1- Müşavere eden bir kavim, mutlaka kemale erişir.
2- Nimete şükretmemek alçaklıktır.
3- Evlatlarından birine hitaben buyurdu: Ey oğlum! Hiçbir kimseyle, onun nerelere girip çıktığını (nereye gidip geldiğini) öğrenmeden arkadaşlık kurma! Durumunu iyice araştırıp öğren-diğin, muaşeretinden hoşlandığın zaman, hatalarını düzeltmek ve zor durumlarda yardımlaşmak üzere onunla arkadaş ol.
4- Galip bir insan gibi istediğine ulaşmaya çalışma; yenik bir insan gibi de kadere teslim olma. Zira Allah'ın fazlını isteyip aramak sünnettendir. Kazançta aç gözlü olmamak ise iffettendir.

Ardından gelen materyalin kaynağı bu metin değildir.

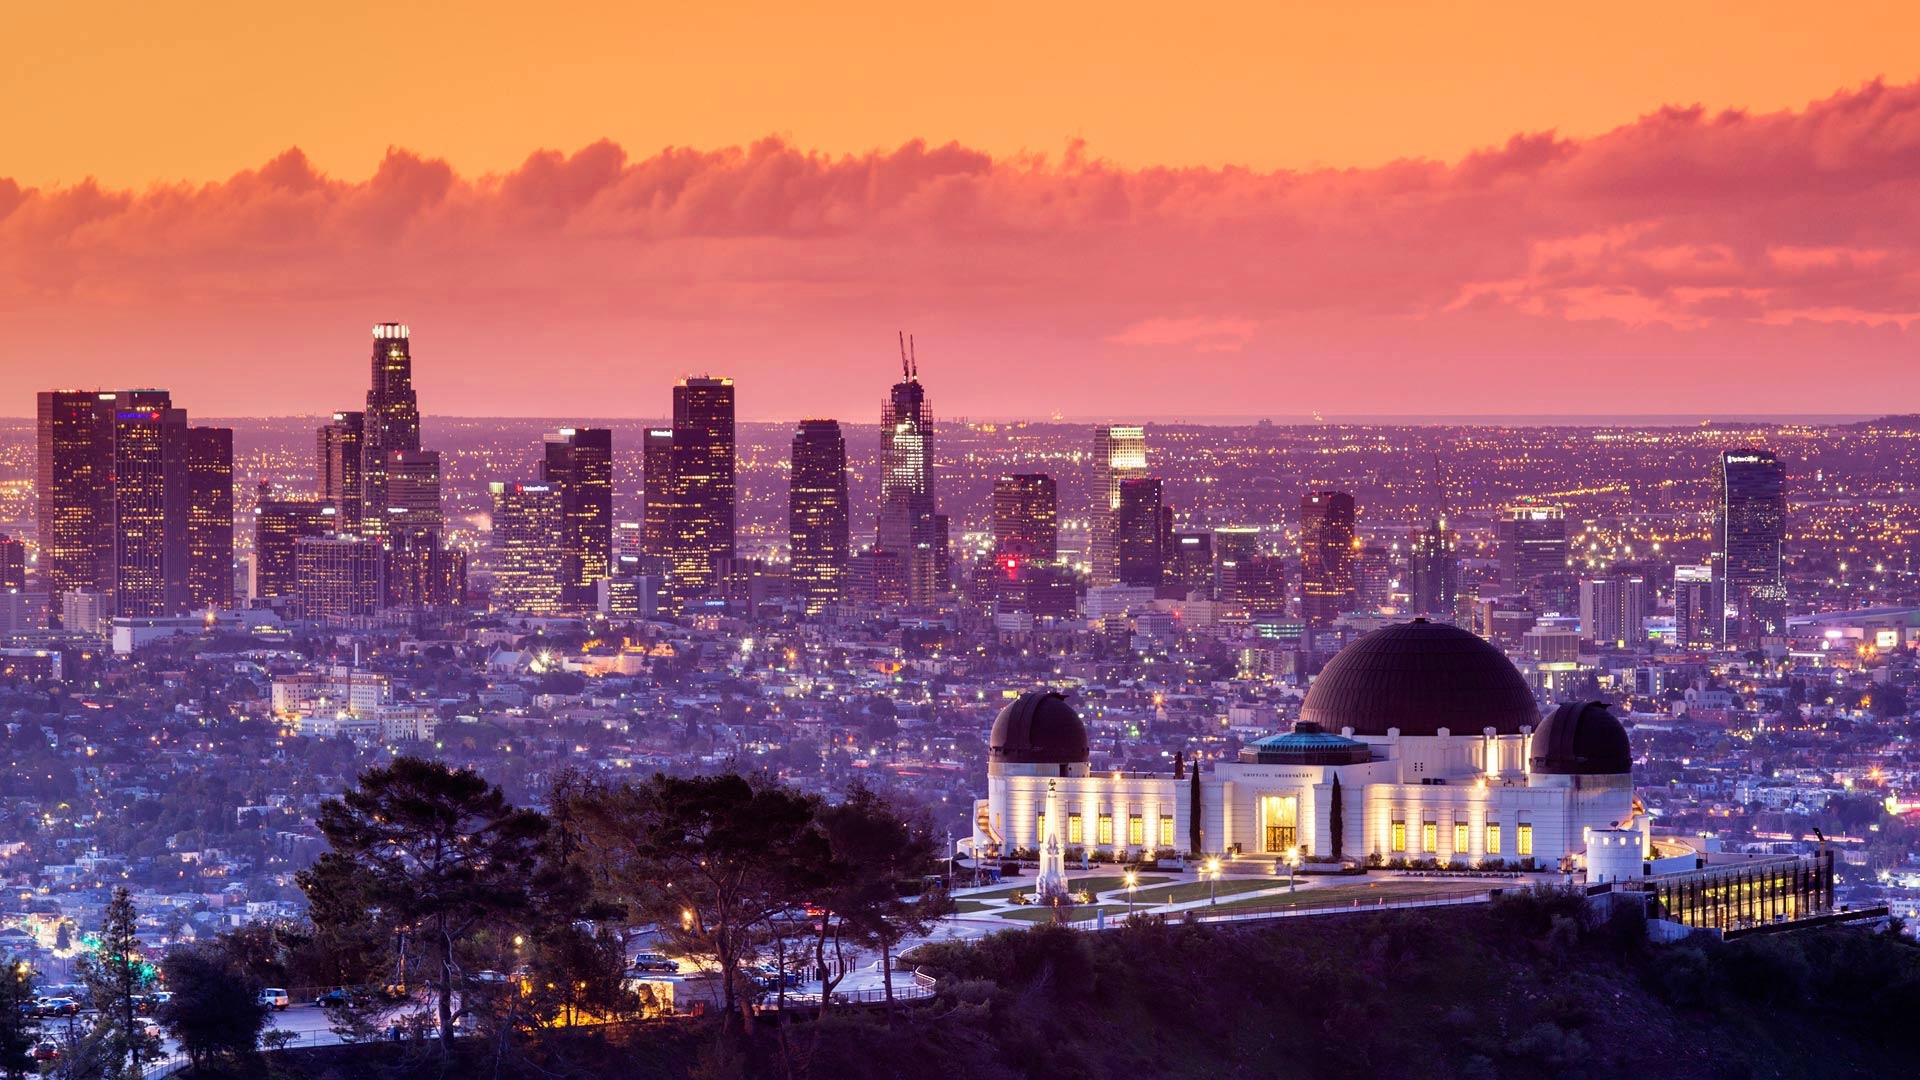 Griffith Observatory Wallpaper Image Group

Rızıklar paylaştırılmıştır; ne iffetli olman sana yetişecek bir rızkın önünü alır, ve ne de ihtiras rızkı çoğaltır; oysa ihtirasa dayanan bir hareket günahtır.

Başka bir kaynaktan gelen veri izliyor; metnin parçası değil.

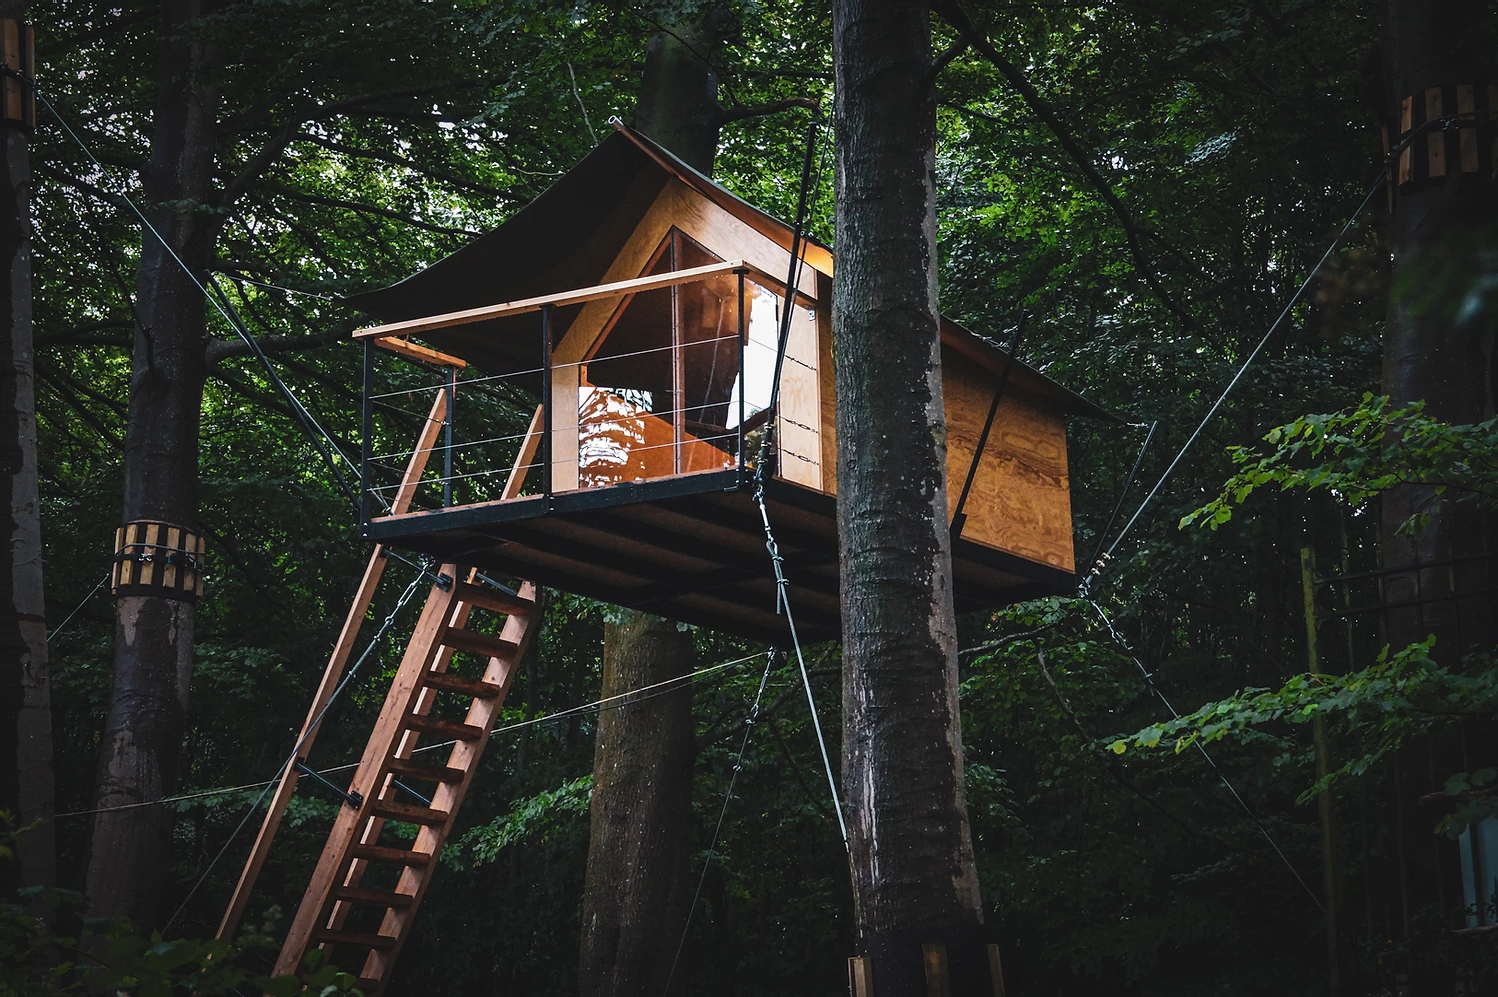 Boomkamp Treehouse Hotel Is All About The Simple Pleasures

5- Gerçek yakın (akraba), nesep bakımından uzak olsa bile muhabbetin yakınlaştırdığı kimsedir ve gerçek yabancı nesep açı-sından yakın olsa bile muhabbetin uzaklaştırdığı kimsedir. Vücuda elden daha yakın bir şey yoktur, fakat kırıldığı zaman kesilip atılıyor.
6- Kendisi için en iyi durumu seçmeyi Allah'a bırakan kimse, Allah'ın kendisi için seçmiş olduğu durumdan başka bir durumu arzulamaz.
7- (Dünyada) ayıplanmaya katlanmak, cehennemin ateşine tahammül etmekten daha kolaydır.
8- Nimet içerisinde bulunduğunda (Allah'a) şükretmek, bir musibet gelip çattığında sabırlı olmak, şerri olmayan bir hayırdır.
9- Hastalıktan iyileşen birine şöyle buyurdu: Allah seni andı, sen de O'nu an. Günahlarını affetti, sen de O'na şükret.
10- Muâviye ile sulh ettiği zaman şöyle buyurdu: Allah'a andolsun ki, bizi Şamlılarla savaşmaktan alıkoyan ne şüphedir, ne de pişmanlık. Biz geçmişte, (kendi aramızda olan) sulh, selametlik ve sabır gücüyle savaşıyorduk. Fakat bu gün aramızdaki sulh ve selametin yerini düşmanlık, sabrımızın yerini de tahammülsüzlük almıştır. Sıffin savaşına gittiğinizde dininiz dünyanızın önündeydi; bu gün ise dünyanız dininizden öne geçmiştir.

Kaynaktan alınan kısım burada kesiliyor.